Wednesday, August 05, 2015

Event Prediction Contracts Were ‘Commodity Options’ Within CFTC Jurisdiction

By Lene Powell, J.D.

Adding certainty to the status of event prediction contracts under federal commodities law, the D.C. federal district court handed the CFTC a win in its enforcement action against two Irish companies that operated an online event predictions market, ruling that the contracts offered by were commodity options within the CFTC’s jurisdiction and that one company had violated a 2005 CFTC administrative order prohibiting it from accepting orders from U.S. residents. The court also found the companies in civil contempt for failing to comply with a discovery order (CFTC v. Trade Exchange Network Limited, July 31, 2015, Lamberth, R.).

Event predictions market. Trade Exchange Network Limited (TEN) and Intrade the Prediction Market Limited were Irish companies based in Dublin. Between 2007 and 2014, the companies shared directors, office space, and equipment, and had a substantial overlap in shareholders. The companies operated, an online platform where customers could buy and sell contracts predicting the outcome of real-world events, like sports events and changes in the price of commodities. There were two possible outcomes for each event: yes, the event would happen as described, or no, it would not happen. A customer bought shares if they believed the event would happen and sold shares if they believed it would not, and profited or not depending on the outcome.

In 2005, the CFTC entered an administrative order against TEN for violating Section 4c(b) of the Commodity Exchange Act (CEA) and Regulation 32.11 by accepting orders from U.S. residents for commodity options. TEN consented to entry of the order and agreed to refrain from violating the CEA, pay a $150,000 civil monetary penalty, and prevent U.S. customers from using the website to order contracts. Despite the agreed order, the companies accepted orders from U.S. customers between 2007 and 2012 via to trade various contracts including bets on future changes in the price of gold, the U.S. unemployment rate, and the price of currency pairs. In all, although 443 contracts were blocked to U.S. customers, over 2,000 contracts were not blocked.

According to notices on the website, Intrade ceased offering trading services to customers via the website as of March 10, 2013, and as of June 14, 2014, Intrade intended to fully liquidate all remaining customer accounts by December 31, 2014. A November 1, 2014 notice said the company was “working very hard” to resolve the CFTC case in order to resume commercial operations.

Commodity options. The court granted summary judgment on the first count of the CFTC’s complaint, that TEN and Intrade violated CEA Section 4c(b) and Regulation 32.11 regarding the offering of prohibited commodity options. The court rejected the companies’ narrow definition of the term “option,” noting that although case law was scant, the contracts met the characteristics of what are known to the trade as “binary options.” The CFTC has previously regulated binary options, and the companies did not fall into any exceptions that would allow them to lawfully offer commodity options for trading. Under Chevron and other Supreme Court precedent, deference was due to the CFTC’s construction of a statutory scheme it was entrusted to administer.

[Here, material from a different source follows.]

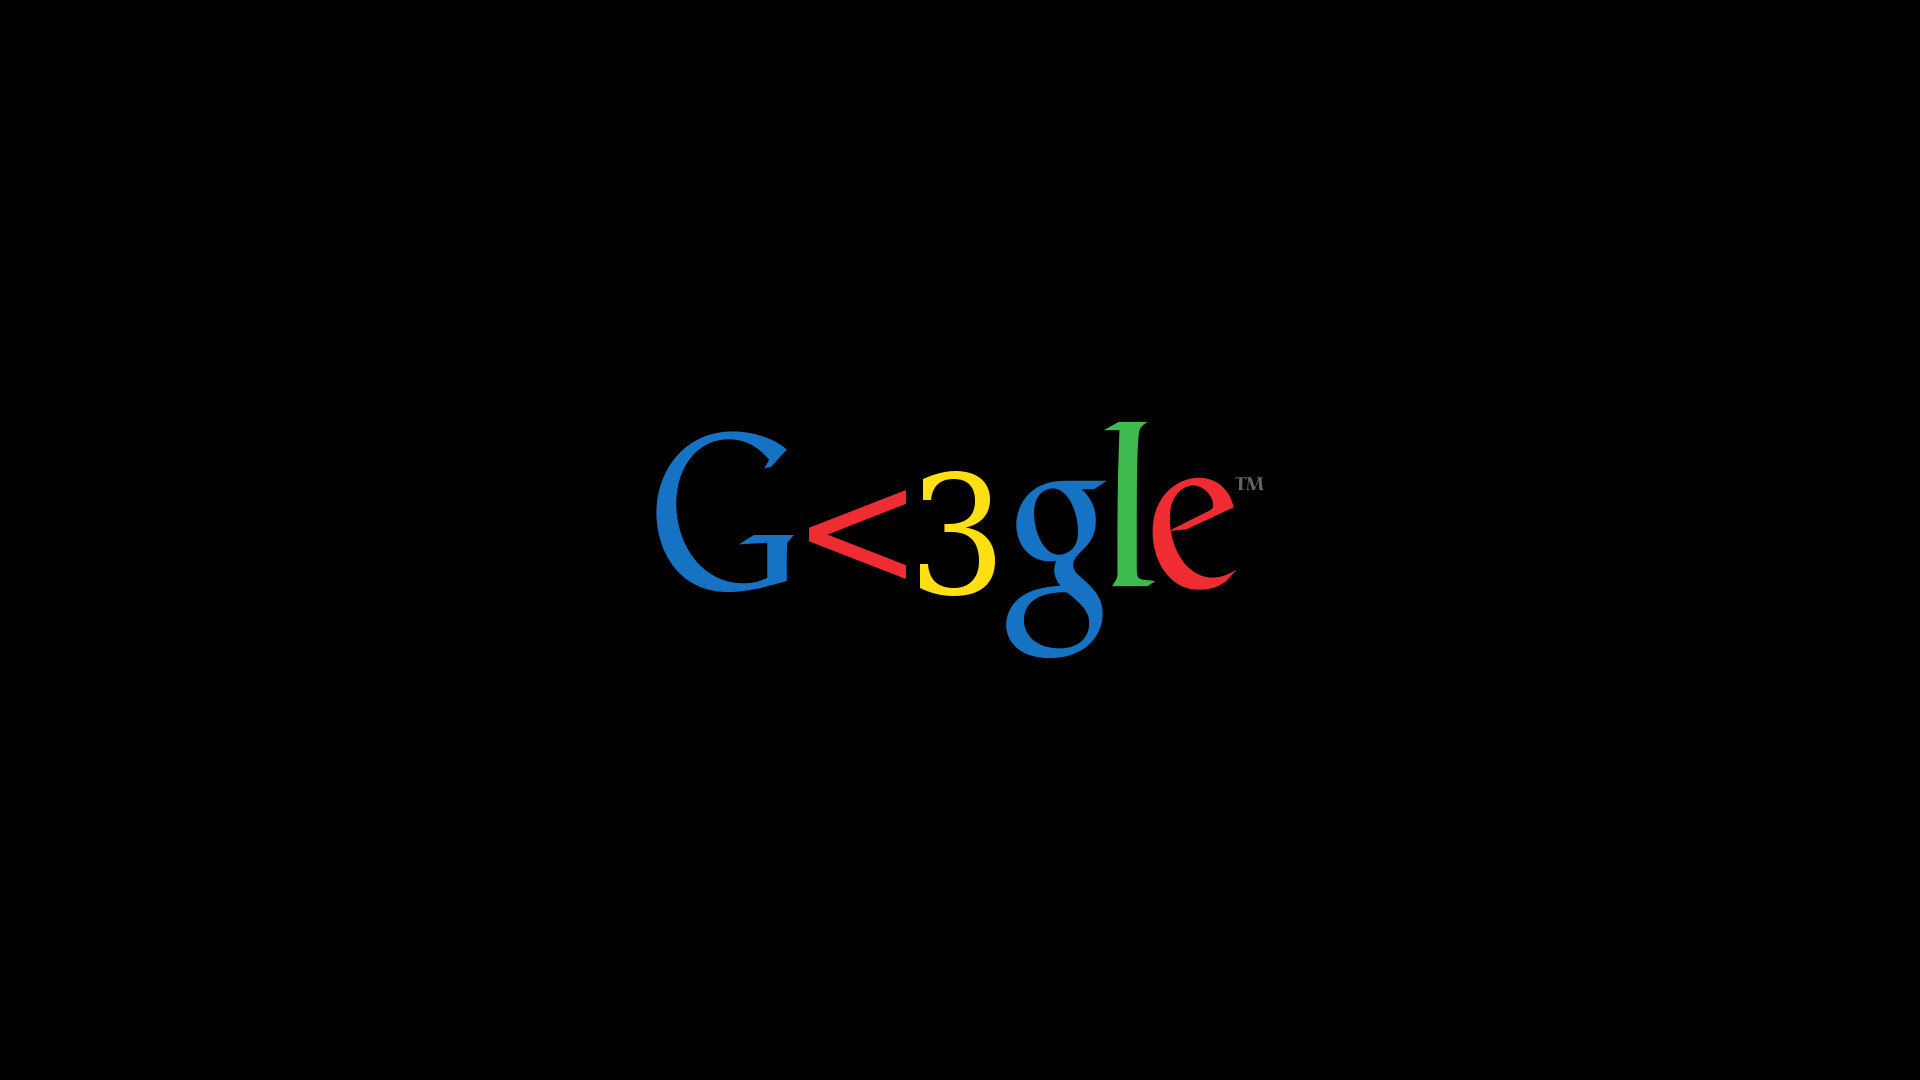 Google: The most visited website worldwide along with YouTube. 1920x1080 Full HD Wallpaper.

The court also declined to limit the definition of commodity options to contracts on commodities specifically enumerated by the CEA, like gold and crude oil. The “excluded commodity” category did not apply and served to demonstrate the span of the term “commodity.” Accordingly, Intrade’s contracts on climate and weather outcomes as well as U.S. economic numbers were commodity options under the CEA.

Orders from U.S. customers. The court also granted summary judgment on the CFTC’s second claim, that TEN violated CEA Section 6c by offering contracts to U.S. customers in violation of the 2005 order. Although TEN and Intrade had separate Irish corporate registration numbers, maintained separate bank accounts, and filed separate tax returns, they operated as a common enterprise because they had the same officers and directors, shared office space, and commingled funds. The companies violated the 2005 order by offering contracts to U.S. customers identical to contracts specifically prohibited by the order, and by not informing U.S. customers which contracts they were not allowed to trade. TEN was responsible for the actions of then-director and officer John Delaney, who was acting in scope of his employment and without an interest adverse to TEN.

The court did not grant summary judgment on Count III of the CFTC’s complaint, regarding violation of CEA Section 9(a)(3) concerning false statements and omissions. The court directed the parties to prepare a scheduling order regarding Count III and the appropriate amount of disgorgement and civil monetary penalties under Counts I and II.

Contempt. In a separate opinion and order, the court found the companies in contempt for failing to comply with a June 24, 2014 discovery order, which denied the companies’ motion for a protective order under the Irish Data Protection Act and directed them to produce documents and CEO Ronald Bernstein for a deposition. The companies were ordered to pay reasonable expenses incurred by the CFTC, including attorney fees, as a result of the failure to comply with the order.

The case is No. 12-1902 (RCL) [summary judgment, contempt].